- **Supplied data**:
=== Section Start ===

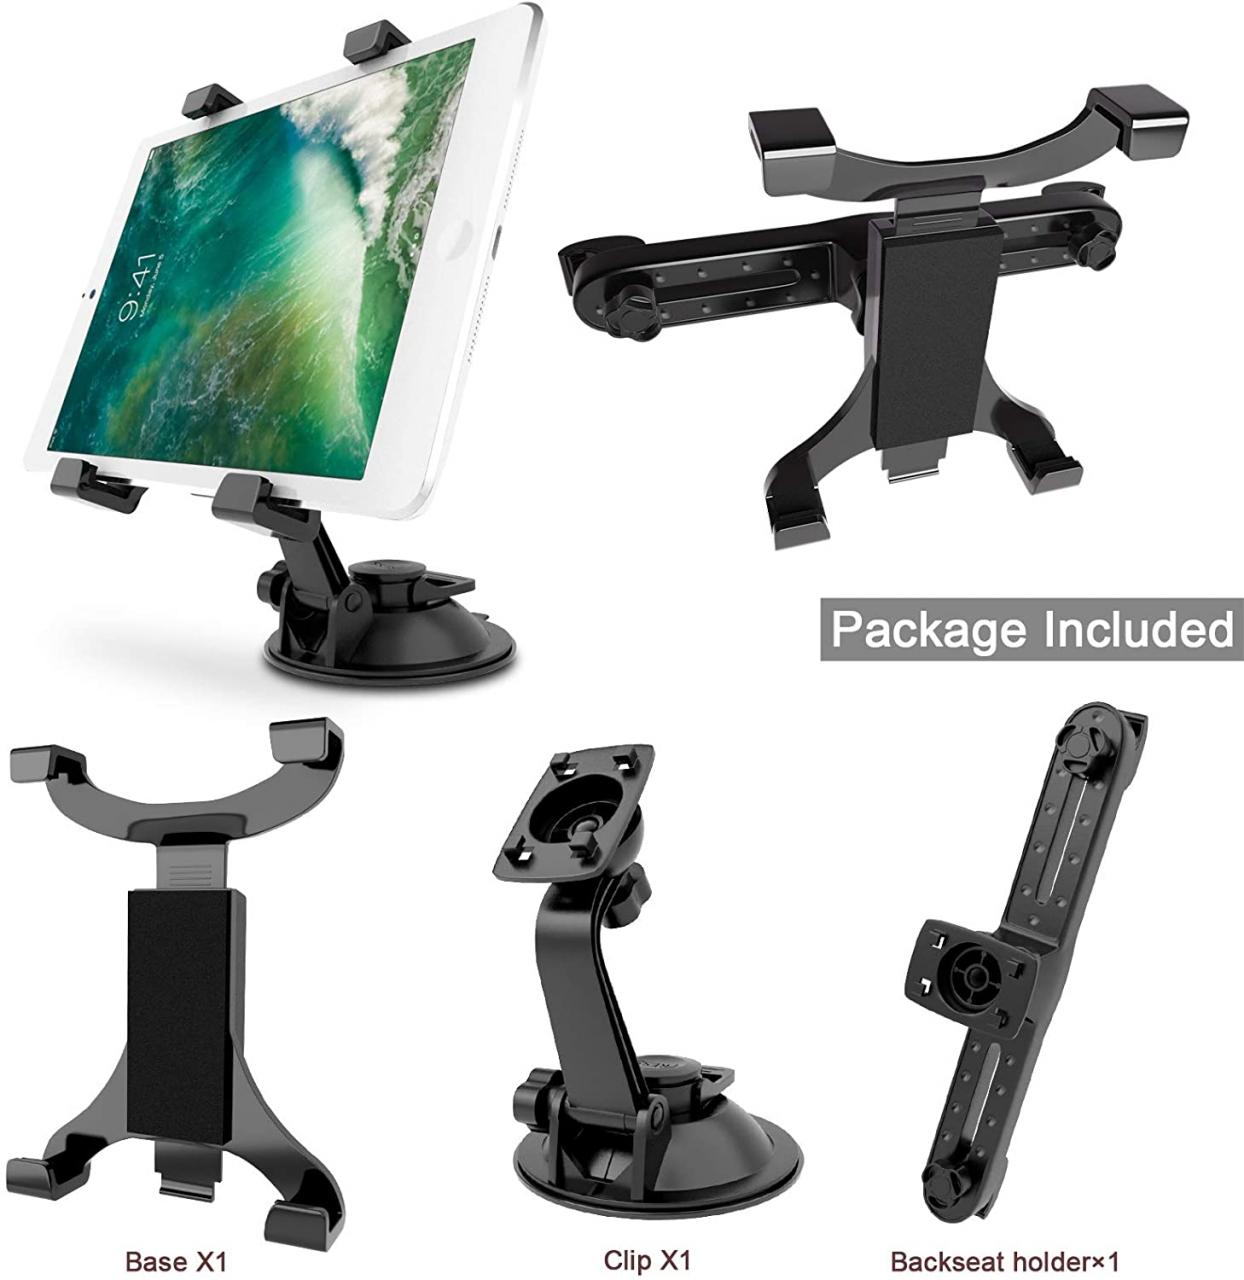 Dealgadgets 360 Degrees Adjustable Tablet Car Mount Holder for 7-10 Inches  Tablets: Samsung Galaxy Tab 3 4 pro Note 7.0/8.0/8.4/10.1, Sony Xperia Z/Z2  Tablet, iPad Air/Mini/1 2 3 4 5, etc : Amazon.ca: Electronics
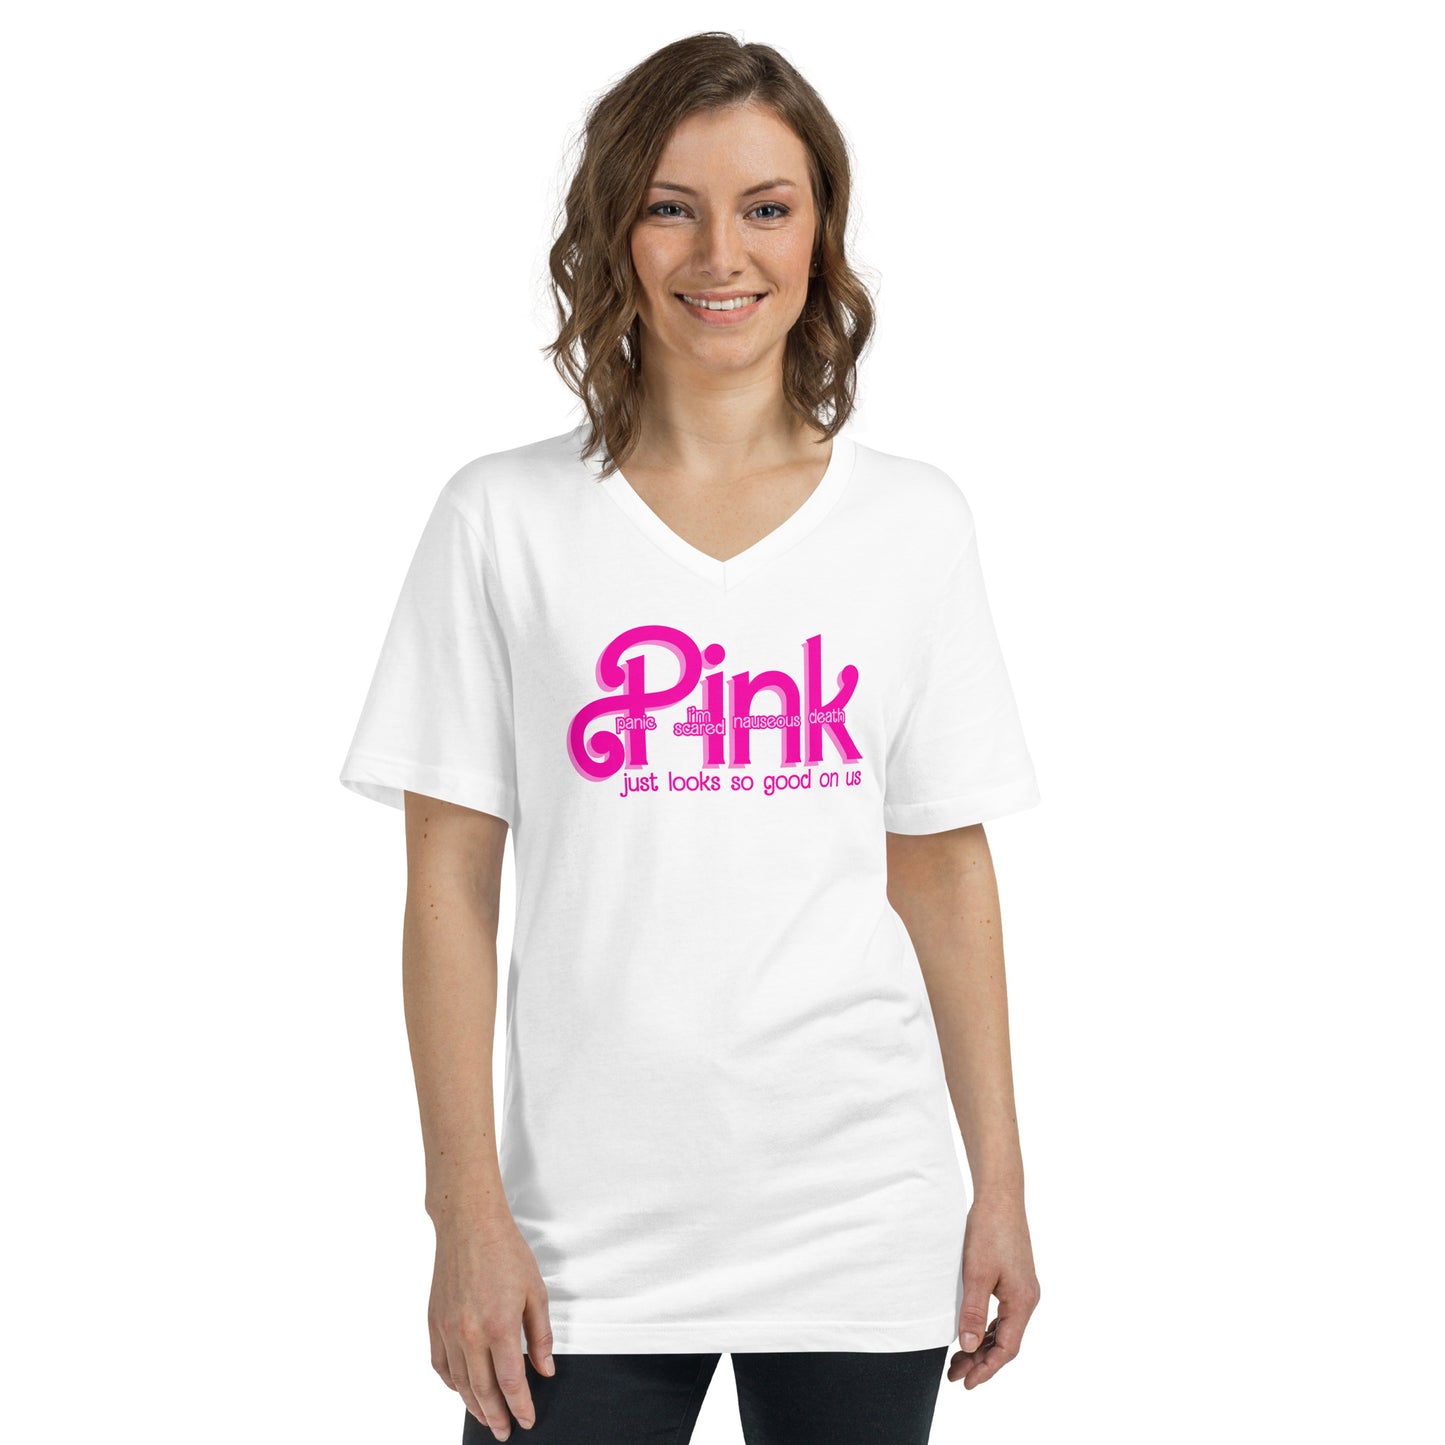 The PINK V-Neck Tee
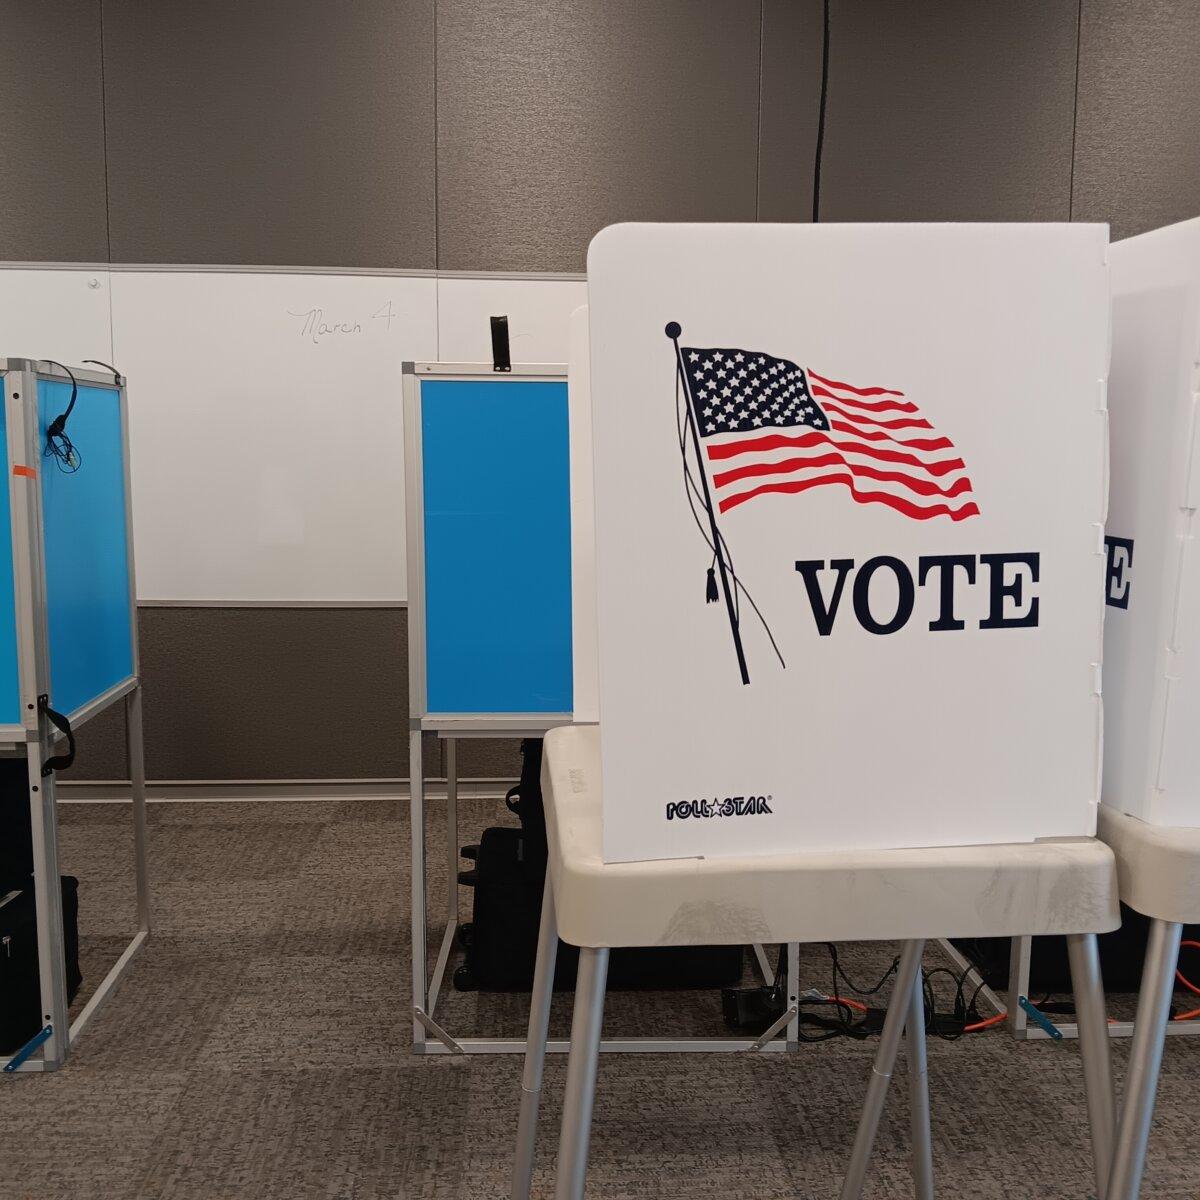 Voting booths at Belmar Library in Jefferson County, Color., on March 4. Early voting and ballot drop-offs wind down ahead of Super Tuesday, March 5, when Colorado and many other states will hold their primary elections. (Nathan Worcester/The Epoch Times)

=== Section End ===

- **Your objective**: Transcribe the listing above in full. Pictures are not part of the copy.

- **Response for this exercise**:
 Dealgadgets 360 Degrees Adjustable Tablet Car Mount Holder for 7-10 Inches  Tablets: Samsung Galaxy Tab 3 4 pro Note 7.0/8.0/8.4/10.1, Sony Xperia Z/Z2  Tablet, iPad Air/Mini/1 2 3 4 5, etc : Amazon.ca: Electronics
 The PINK V-Neck Tee
 Voting booths at Belmar Library in Jefferson County, Color., on March 4. Early voting and ballot drop-offs wind down ahead of Super Tuesday, March 5, when Colorado and many other states will hold their primary elections. (Nathan Worcester/The Epoch Times)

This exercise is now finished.